◆ **Activity**
Only lines holding the string "arrière" are wanted; copy each one from the material.

________

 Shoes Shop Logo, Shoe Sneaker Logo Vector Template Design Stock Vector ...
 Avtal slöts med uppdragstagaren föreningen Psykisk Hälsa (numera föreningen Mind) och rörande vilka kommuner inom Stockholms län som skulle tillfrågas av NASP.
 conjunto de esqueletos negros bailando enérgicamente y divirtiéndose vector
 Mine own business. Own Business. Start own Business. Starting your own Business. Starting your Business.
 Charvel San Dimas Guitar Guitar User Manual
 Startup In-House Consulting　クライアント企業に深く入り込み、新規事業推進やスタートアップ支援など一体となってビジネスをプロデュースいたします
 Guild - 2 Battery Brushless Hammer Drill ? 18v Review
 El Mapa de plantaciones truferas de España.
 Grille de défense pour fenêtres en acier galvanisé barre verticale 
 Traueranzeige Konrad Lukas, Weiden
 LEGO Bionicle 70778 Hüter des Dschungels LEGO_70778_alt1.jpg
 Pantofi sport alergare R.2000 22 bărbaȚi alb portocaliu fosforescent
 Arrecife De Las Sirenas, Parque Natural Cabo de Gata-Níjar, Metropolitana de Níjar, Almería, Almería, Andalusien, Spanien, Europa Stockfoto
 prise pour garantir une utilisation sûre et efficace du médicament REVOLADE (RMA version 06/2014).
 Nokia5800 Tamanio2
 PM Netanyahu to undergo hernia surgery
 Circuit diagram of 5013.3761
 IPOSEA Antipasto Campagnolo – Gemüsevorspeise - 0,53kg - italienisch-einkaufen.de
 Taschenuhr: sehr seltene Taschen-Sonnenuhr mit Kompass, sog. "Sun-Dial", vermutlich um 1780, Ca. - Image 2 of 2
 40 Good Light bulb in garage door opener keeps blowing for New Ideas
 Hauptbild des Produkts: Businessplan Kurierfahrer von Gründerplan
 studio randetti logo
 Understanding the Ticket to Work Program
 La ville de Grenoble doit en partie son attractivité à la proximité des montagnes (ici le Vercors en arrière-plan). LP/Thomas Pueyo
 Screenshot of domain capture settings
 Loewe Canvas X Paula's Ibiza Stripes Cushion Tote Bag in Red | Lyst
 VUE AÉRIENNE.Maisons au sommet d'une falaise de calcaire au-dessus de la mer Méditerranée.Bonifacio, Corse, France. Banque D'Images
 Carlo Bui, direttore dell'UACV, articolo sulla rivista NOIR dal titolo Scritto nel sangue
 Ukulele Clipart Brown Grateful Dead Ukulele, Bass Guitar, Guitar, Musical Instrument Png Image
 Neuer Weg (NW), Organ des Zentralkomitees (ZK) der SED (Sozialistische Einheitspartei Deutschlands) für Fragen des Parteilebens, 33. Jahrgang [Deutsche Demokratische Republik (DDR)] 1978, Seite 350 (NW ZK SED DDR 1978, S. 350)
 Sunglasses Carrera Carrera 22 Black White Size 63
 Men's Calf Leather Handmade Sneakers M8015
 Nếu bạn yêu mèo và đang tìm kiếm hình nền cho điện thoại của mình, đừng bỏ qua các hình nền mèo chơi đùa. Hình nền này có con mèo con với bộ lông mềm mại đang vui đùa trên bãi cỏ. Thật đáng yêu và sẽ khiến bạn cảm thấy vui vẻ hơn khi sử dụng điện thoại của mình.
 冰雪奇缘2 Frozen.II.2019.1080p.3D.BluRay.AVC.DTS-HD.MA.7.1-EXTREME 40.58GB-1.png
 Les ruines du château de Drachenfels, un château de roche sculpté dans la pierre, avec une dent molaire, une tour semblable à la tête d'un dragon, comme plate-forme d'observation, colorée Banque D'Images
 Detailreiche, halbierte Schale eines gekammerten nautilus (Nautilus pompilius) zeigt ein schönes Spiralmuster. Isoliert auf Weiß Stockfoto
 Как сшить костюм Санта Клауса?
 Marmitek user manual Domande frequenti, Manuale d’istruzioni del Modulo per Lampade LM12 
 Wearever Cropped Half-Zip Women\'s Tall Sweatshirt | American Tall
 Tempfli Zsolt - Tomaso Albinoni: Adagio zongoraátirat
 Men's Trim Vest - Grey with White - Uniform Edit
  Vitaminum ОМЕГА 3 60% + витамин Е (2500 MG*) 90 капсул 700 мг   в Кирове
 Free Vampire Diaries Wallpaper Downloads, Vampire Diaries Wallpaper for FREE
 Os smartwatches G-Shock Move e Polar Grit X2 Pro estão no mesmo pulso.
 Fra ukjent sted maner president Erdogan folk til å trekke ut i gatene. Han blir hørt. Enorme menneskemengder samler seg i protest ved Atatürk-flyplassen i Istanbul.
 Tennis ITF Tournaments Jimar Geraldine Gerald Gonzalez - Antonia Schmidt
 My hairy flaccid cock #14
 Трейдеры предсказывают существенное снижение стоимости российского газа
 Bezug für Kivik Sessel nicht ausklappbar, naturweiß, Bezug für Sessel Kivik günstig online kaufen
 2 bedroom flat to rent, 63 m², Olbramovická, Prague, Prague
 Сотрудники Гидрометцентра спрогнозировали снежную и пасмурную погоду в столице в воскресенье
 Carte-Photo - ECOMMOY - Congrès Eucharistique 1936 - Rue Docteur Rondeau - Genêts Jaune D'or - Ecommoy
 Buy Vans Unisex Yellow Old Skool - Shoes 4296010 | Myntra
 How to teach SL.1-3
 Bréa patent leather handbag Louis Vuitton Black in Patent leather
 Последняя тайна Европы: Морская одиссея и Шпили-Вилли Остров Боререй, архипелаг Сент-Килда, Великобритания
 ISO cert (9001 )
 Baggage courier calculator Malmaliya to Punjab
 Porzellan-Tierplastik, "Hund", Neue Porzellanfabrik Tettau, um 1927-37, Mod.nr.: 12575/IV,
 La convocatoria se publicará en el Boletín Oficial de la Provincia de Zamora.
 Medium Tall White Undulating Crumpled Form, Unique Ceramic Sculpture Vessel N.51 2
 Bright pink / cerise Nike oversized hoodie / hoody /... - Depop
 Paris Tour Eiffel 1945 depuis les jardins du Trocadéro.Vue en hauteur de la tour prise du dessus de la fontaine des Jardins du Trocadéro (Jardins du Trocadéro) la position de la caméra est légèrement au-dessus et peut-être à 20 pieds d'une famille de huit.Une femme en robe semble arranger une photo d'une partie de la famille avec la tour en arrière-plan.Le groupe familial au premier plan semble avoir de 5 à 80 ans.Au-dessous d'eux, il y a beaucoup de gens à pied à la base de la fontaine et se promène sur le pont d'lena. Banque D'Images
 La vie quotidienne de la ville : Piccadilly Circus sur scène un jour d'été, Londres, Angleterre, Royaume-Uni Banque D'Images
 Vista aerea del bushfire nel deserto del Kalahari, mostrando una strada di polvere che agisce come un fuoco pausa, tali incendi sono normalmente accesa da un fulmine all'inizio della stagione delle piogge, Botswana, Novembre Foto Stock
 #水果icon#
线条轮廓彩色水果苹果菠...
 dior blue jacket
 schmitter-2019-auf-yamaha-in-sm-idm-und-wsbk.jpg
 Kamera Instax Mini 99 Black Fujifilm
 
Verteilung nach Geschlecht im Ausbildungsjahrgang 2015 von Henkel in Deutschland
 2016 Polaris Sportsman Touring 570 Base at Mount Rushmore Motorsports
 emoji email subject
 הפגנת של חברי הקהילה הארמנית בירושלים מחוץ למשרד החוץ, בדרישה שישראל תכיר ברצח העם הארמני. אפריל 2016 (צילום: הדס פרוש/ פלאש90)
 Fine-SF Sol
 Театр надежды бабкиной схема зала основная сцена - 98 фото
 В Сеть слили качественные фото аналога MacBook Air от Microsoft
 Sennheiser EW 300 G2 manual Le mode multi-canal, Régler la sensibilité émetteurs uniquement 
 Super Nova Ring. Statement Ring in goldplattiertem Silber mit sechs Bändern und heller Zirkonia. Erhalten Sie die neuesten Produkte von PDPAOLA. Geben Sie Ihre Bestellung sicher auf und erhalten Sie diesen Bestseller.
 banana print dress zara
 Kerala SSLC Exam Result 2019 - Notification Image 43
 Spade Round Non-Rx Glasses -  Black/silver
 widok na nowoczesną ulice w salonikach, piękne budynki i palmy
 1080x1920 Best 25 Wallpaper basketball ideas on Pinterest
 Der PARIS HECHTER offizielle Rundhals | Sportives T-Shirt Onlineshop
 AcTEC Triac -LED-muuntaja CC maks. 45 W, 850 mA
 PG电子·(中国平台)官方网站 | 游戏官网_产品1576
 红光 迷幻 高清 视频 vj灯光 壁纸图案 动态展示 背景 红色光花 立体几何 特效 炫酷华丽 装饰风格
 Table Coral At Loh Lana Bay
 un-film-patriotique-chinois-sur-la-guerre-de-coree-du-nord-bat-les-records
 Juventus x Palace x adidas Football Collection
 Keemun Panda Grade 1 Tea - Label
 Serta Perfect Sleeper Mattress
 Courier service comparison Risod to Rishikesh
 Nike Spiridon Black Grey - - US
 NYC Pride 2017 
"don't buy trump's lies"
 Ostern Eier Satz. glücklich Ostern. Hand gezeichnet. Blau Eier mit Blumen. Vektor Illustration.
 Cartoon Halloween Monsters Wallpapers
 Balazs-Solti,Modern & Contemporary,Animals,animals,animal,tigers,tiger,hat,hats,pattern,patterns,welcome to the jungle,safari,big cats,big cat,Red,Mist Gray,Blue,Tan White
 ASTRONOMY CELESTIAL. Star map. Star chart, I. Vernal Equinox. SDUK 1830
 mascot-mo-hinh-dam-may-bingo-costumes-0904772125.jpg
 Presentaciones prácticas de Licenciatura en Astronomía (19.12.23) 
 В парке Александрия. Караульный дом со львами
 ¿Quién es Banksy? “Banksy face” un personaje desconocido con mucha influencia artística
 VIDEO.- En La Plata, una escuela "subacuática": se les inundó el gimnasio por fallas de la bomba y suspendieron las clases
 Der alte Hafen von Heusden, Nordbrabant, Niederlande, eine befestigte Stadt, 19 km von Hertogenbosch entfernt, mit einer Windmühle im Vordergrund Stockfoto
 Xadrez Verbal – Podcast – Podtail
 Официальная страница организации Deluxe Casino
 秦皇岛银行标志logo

________

◆ **Exercise output**
 La ville de Grenoble doit en partie son attractivité à la proximité des montagnes (ici le Vercors en arrière-plan). LP/Thomas Pueyo
 Paris Tour Eiffel 1945 depuis les jardins du Trocadéro.Vue en hauteur de la tour prise du dessus de la fontaine des Jardins du Trocadéro (Jardins du Trocadéro) la position de la caméra est légèrement au-dessus et peut-être à 20 pieds d'une famille de huit.Une femme en robe semble arranger une photo d'une partie de la famille avec la tour en arrière-plan.Le groupe familial au premier plan semble avoir de 5 à 80 ans.Au-dessous d'eux, il y a beaucoup de gens à pied à la base de la fontaine et se promène sur le pont d'lena. Banque D'Images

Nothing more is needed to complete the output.